Extract 1 or 2 digits

Hi,

I want to extract information about minute durations (just the numbers) which is stored in a column with some unnecessary text, characters and other stuff like “25 ABC <> 35D ABC - 10 min”; and the unit of measurement varies from “10Min” to “4 Min”, “27min” etc.

I tried to use regex split with .(\d\d)(?:min|Min| min| Min). which returns all the 2 digit numbers in front of min/Min/ min/ Min (great success) but obviously not the 1 digit numbers.

However, when I use .(\d+)(?:min|Min| min| Min). or .(\d{1,2})(?:min|Min| min| Min). oder .([0-9]+)(?:min|Min| min| Min). it only gives me the 2nd digit (0 instead of 20) and so on.

HOW can I get all the 1 digit numbers AND 2 digit numbers with this split? I googled all the expressions for digit expressions but none of them seems to work so there must be a mistake somwhere else I guess.

Thank you in advance

1 Like

Based on what you wrote I assume the problem is the leading . .Not sure if you need it, but if so replace it by [^\d]* (not a digit). Hope the syntax is correct.

Best
Mark

5 Likes

Hello @peppapiglet,

this happens cause regex is by default greedy.

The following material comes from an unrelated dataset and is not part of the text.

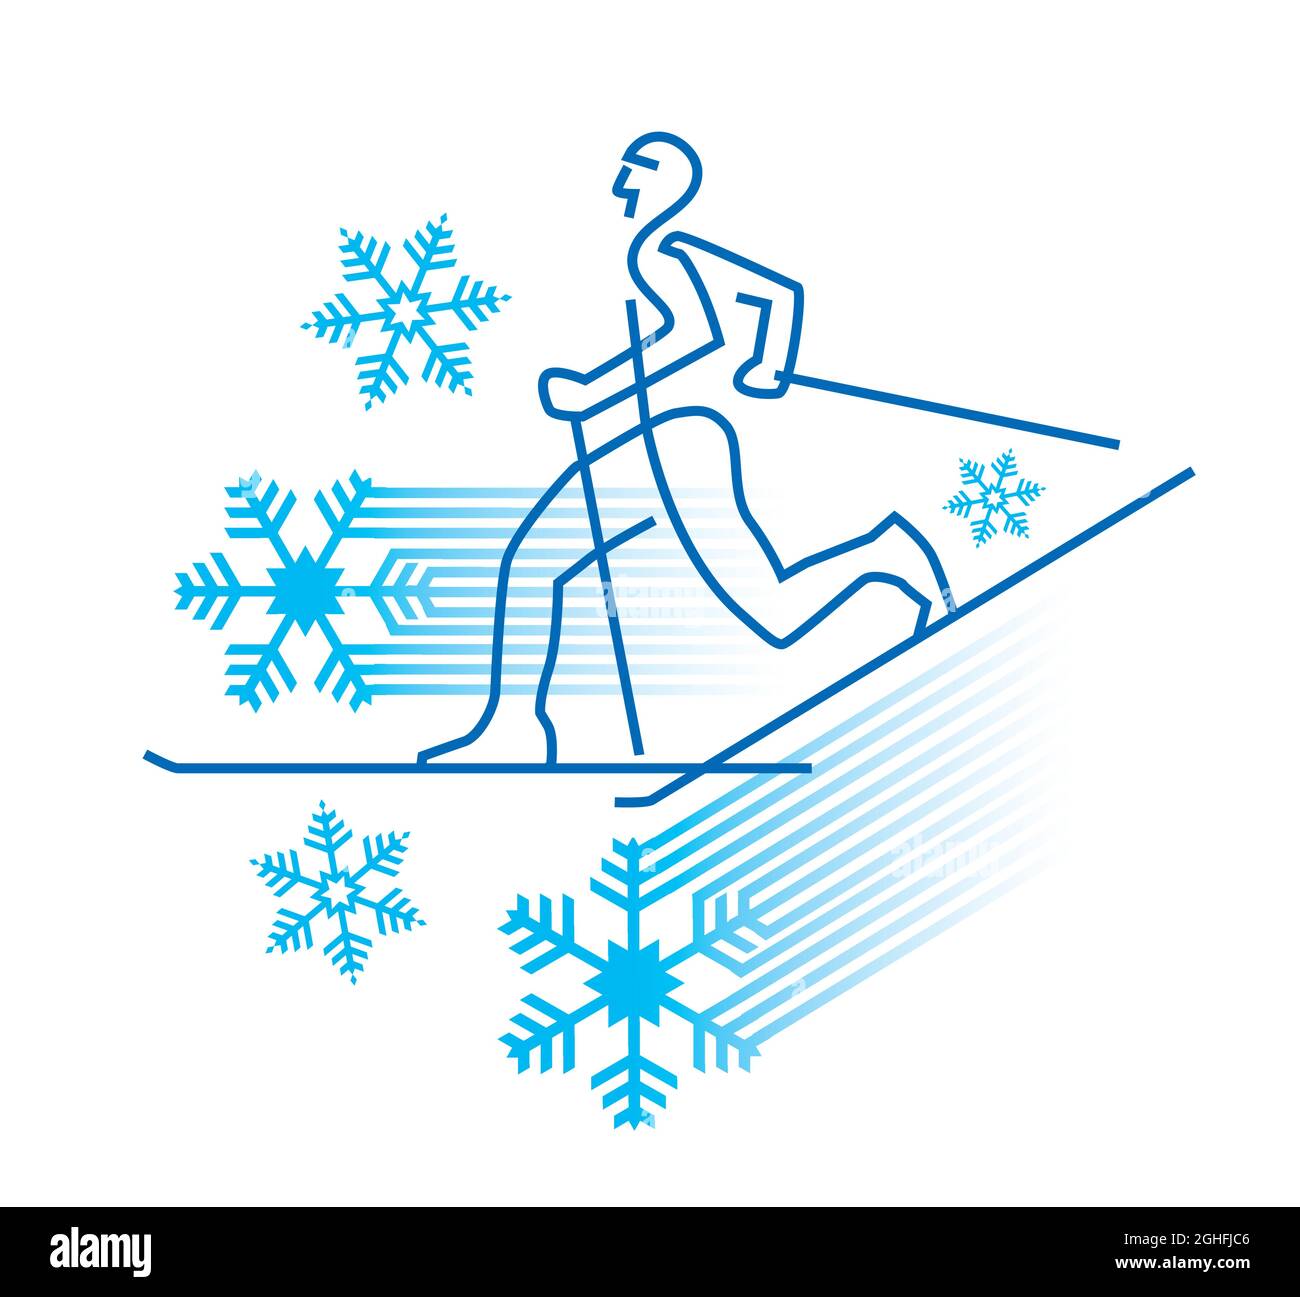 Sciatore di fondo con simboli di fiocco di neve. Illustrazione decorativa dei concorrenti dello sci nordico. Concetto di cera da sci. Vettore disponibile. Illustrazione Vettoriale

To make it lazy you can use *? quantifier after leading dot.

This one should work in String Manipulation node:

regexReplace( $column1$, "(?i).*?(\\d{1,2})(?:\\s?min).*", "$1" )

And this one in Regex Split node (there you have case case insensitive check box and don’t need escaping):

.*?(\d{1,2})(?:\s?min).*

The only difference is when there is no match. String Manipulation will return string as is and Regex Split will return missing value.

Br,
Ivan

7 Likes

That solved it for me!

Thank you both so much!

Best

1 Like

This topic was automatically closed 7 days after the last reply. New replies are no longer allowed.